My profession is one of the main targets of the AI job doom. I've been working as a professional content writer for 4 years now, even longer if you consider the fact that all I ever did in college was write essays and thesis papers.

When Generative AI first arrived in 2020, everyone was talking about how it could make "good content" in orders of magnitude less time and money than what you'd have spent hiring a writer like me.

And yet, I'm still here. Like a cockroach that won't die, no matter what kind of bug spray humans come up with.

I don't attribute my survival in this complicated job market solely to my merits. I believe I'm a good writer, but being "good" isn't enough these days. I had the advantage of getting an early start on creating AI content. When OpenAI first introduced its breakthrough model GPT 3.5, I was lucky enough to be working in an SEO agency with a founder who prioritized learning about AI, and how it could be used in the marketing space.

Ever since then, I've had continuous exposure to how AI is used in content marketing. I've had a lot of clients, ranging from people who are extremely against AI to others who would give me access to their model and tell me to just generate everything with AI and focus on polishing it. It's this exposure to the development of AI in the content marketing space that led me to the opinions I'm sharing with you today.

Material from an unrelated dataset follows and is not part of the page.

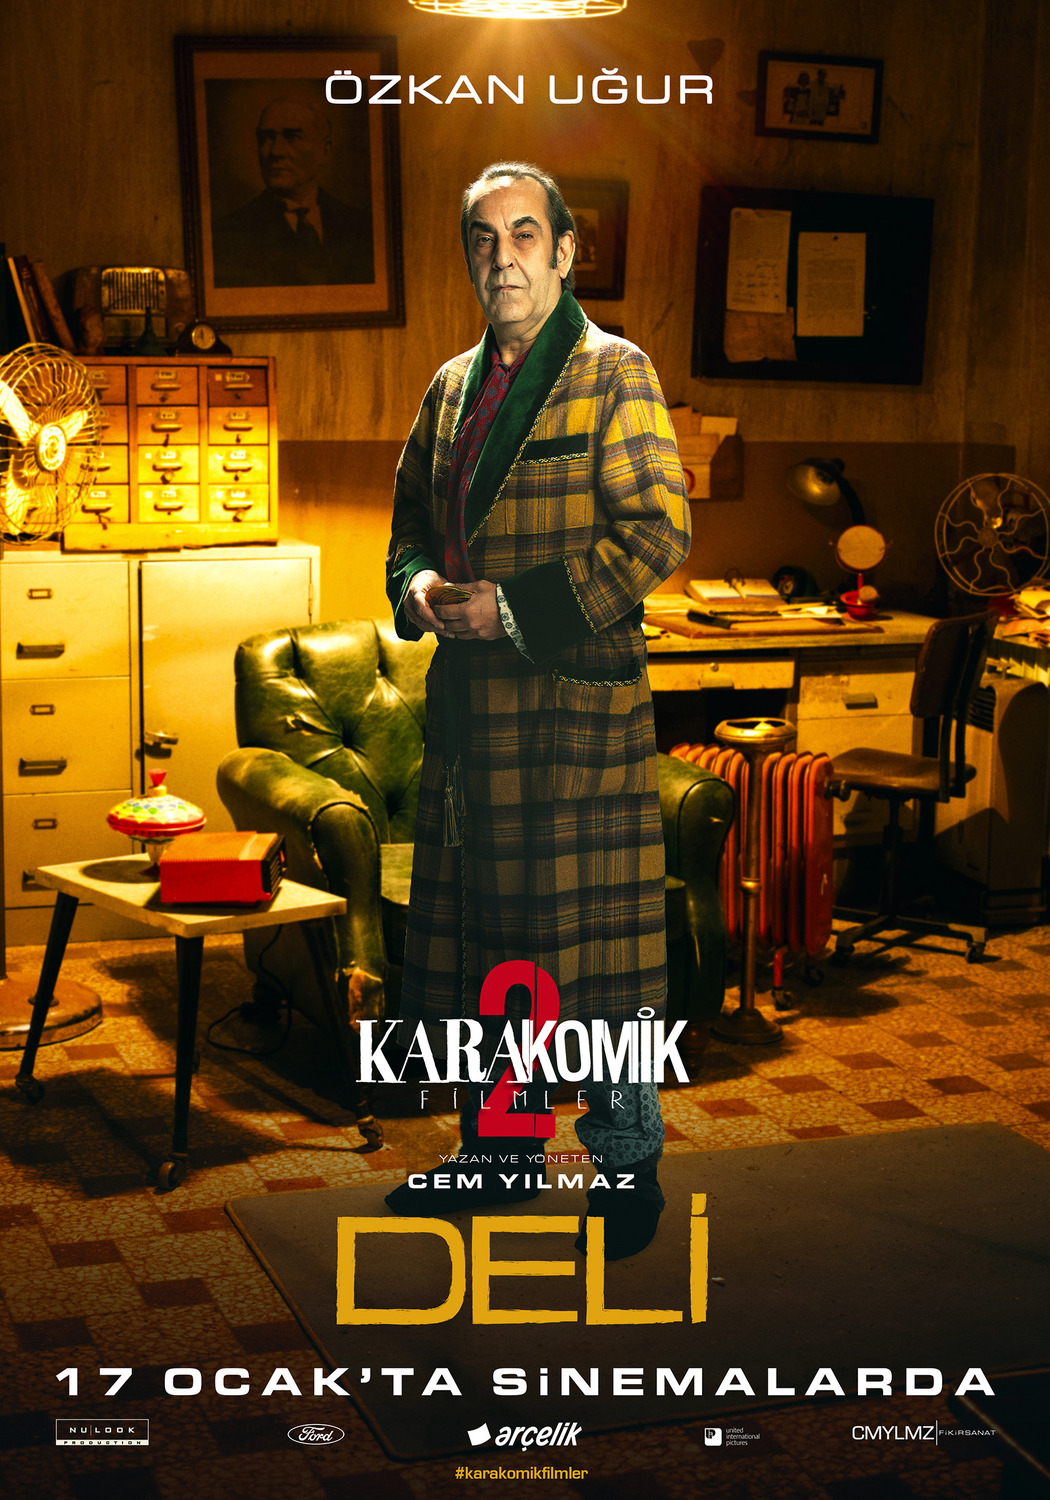 Extra Large Movie Poster Image for Karakomik Filmler: Deli (#5 of 6)

I have a lot of reasons why I think AI won't (and can't) replace human workers. I've condensed them into 3 points, all based on my experience as a writer.

1. Good Prompting Is NOT Good Enough

I've heard one of my past clients say these exact words: "All you need is good prompting." Which I, in my humblest, most biased opinion, nope, it doesn't.

Unless you're the type of person to settle for just "good enough", then sure, go ahead. But your customers aren't stupid enough to fall for "good enough" content.

I also find it amusing how most of the people who say this are not writers themselves. There is more to making content than just explaining stuff to the reader, you know. If good prompting is all it takes, then why do marketing companies still hire writers? Simple, because even they know that good prompting is not good enough. The people yearn for more authenticity, something only human writers can give.

We are experiencing what is called AI fatigue. People are tired of seeing AI-generated content. Your readers can tell when you're just stating what everyone else has already said, and they stop reading.

The only instances I see where AI can make high-quality content are when it is used by competent writers or experts who have enough time to properly review and refine the content. They cover where the AI fails.

I remember working as a ghostwriter for a client who had this mindset that AI can do everything. He was an SEO specialist, and he needed some content done for a fashion company he'd contracted with. He told me to use AI and deliver the content immediately. I followed what he said and did everything I could to improve the content within the time I had. I submitted it to my client, and he approved it.

He came back to me a few days later with feedback from the fashion company. They said the content "lost" their brand voice. It was too AI-sounding. They weren't satisfied. I asked my client if we should rework it.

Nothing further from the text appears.